SonarSecurity is currently supporting 6 injection rules for Java and C# "only". PHP support is coming soon but still that won't be enough.
We should increase the number of supported rules to maximize our chance to find 0-days vulnerabilities.
SonarSecurity should detect these 5 vulnerabilities:
- RSPEC-5131 Endpoints should not be vulnerable to reflected cross-site scripting (XSS) attacks
- RSPEC-5144 Server-side requests should not be vulnerable to forging attacks
- RSPEC-5145 Logging should not be vulnerable to injection attacks
- RSPEC-5146 HTTP request redirections should not be open to forging attacks
- RSPEC-5167 HTTP response headers should not be vulnerable to injection attacks
These 5 rules will be implemented in three phases. Two of them are covered by this MMF.
Using the current SonarSecurity technology, all RSPECs will be implemented with a common list of sanitizers.
RSPEC-5131 will be implemented with specified sinks for C# but in Java we will simplify the implementation to comply with the current limitation of how we can define sinks in SonarSecurity. Specifically, PrintWriter will be defined as a sink, without regard to how the object is created. These limitations imply that we allow for a potentially large number of False-Negatives and False-Positives.

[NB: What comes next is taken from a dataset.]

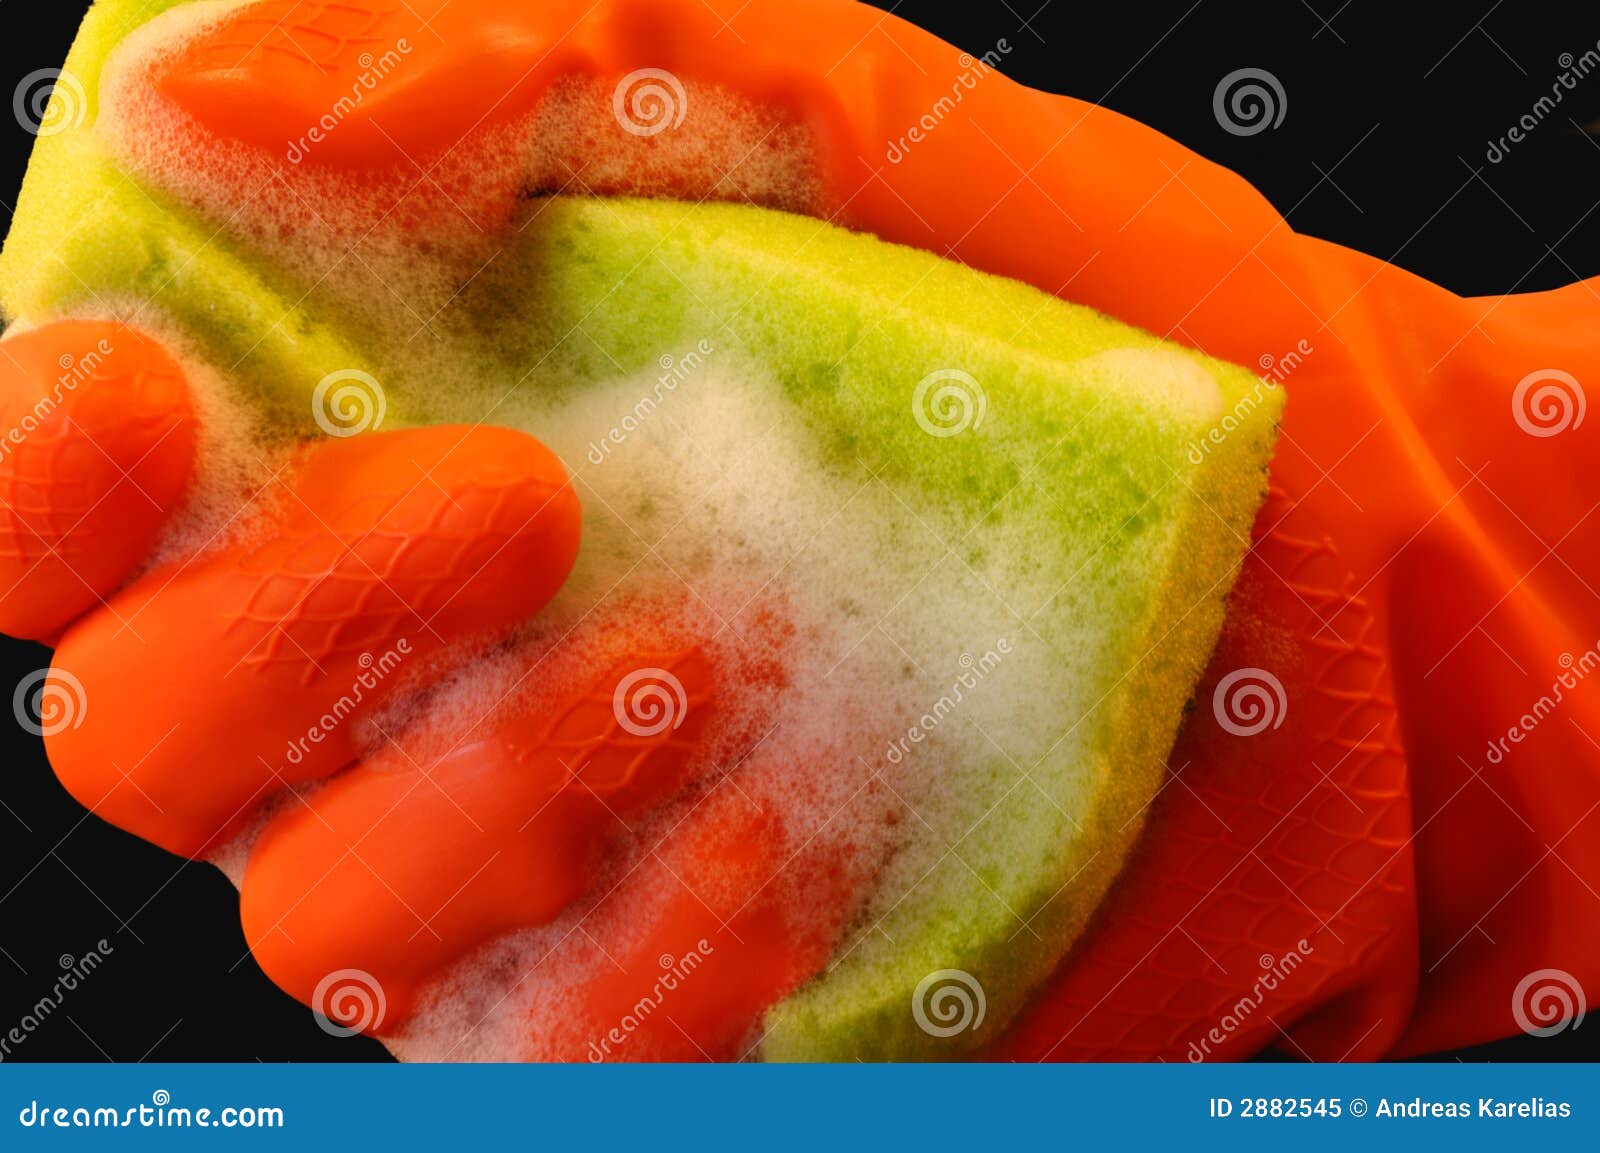 Cleaningström. Handskehand - rymd orange skyddande soapy svamp

To reduce the number of False-Negatives, and to make sure that True-Positive results disappear only when vulnerabilities are actually fixed, separate lists of sanitizers will be used for all SonarSecurity rules.
SonarSecurity will be enhanced to cover this use case.
Here is an example where an SQL-sanitizer is used for mitigating XSS, still leaving the vulnerability exploitable.
Sanitizers specified per rule can be found in the above linked configuration sheets.
To prepare for future functionality that will make specific use of Validators, we will separate the current configuration of Sanitizers into two different lists, one for Sanitizers and one for Validators.
- A Sanitizer is defined as a method, function, language construct or annotation that is leading a tainted value to be sanitized after its use.
- A Validator is a method, function, language construct or annotation that checks if a tainted value is safe and generally returns a boolean value. A call to a Validator method makes the path from a source to a sink safe.
For S5131 (XSS), it is accepted to generate FPs that we will tackle in another MMF (MMF-1596).
For example S5131 should not raise an issue when PrintWriter is used to write to anything else than a HttpServletResponse. To achieve this we need to change SonarSecurity to allow for sinks to be defined as a list of criteria that need to be fulfilled; for example that the PrintWriter object is created from a call to HttpServletResponse.getWriter().